French Watchdog Bans Sale of iPhone 12 Citing Radiation Concerns.

Apple Disputes ANFR’s Findings, Stresses Compliance with Global Standards.

The French radiation watchdog, ANFR, has issued a ban on the sale of Apple’s iPhone 12 within its borders, citing concerns over elevated radiation levels. The decision comes after tests revealed that the iPhone 12’s Specific Absorption Rate (SAR) slightly exceeded permissible limits, emitting more electromagnetic waves that could be absorbed by the body than allowed.

ANFR’s findings indicated that during tests simulating the phone being held in hand or kept in a pocket, the iPhone 12’s SAR measured at 5.74 watts per kilogram, surpassing the European Union’s standard of 4.0 watts per kilogram for SAR tests.
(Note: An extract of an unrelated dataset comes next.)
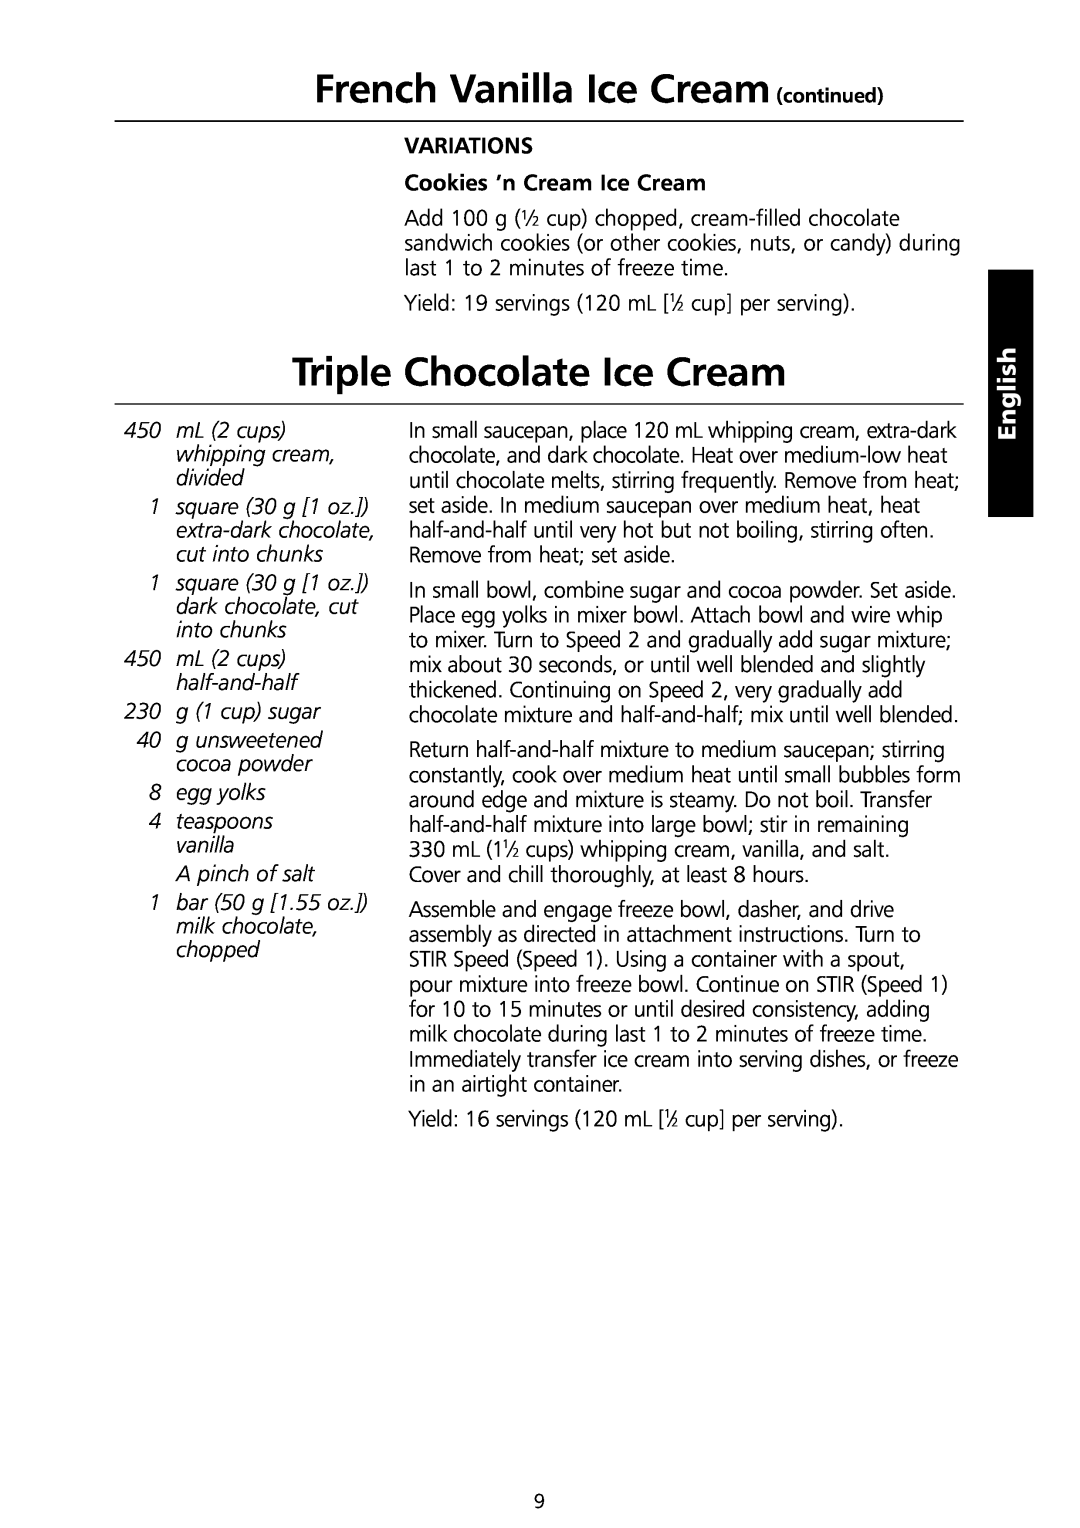 KitchenAid 5KICA0WH manual continued French Vanilla Ice Cream continued, Triple Chocolate Ice Cream, English

In response to the ban, Apple is disputing ANFR’s tests and asserting that the iPhone 12 complies with global radiation standards. The tech giant has emphasized that its device received certification from multiple international bodies attesting to its adherence to worldwide SAR regulations and safety standards. Furthermore, Apple has transparently disclosed SAR values for its devices, including the iPhone 12, on its official website.

The French National Frequency Agency has issued a directive for Apple to withdraw the iPhone 12 from the French market, effective September 12, 2023, based on measurements that indicate the device’s specific absorption rate surpasses established limits. It remains unclear why the iPhone 12, which was released in 2020, did not pass ANFR’s latest tests and why only this particular model has faced these restrictions.

This development underscores the crucial importance of ensuring that electronic devices conform to established safety standards, particularly those related to radiation emissions. It also serves as a reminder to consumers to remain aware of potential health risks associated with electronic devices.

As the situation unfolds, it is anticipated that other European countries may review their own standards and tests in response to France’s actions, potentially leading to wider implications for the sale and regulation of electronic devices.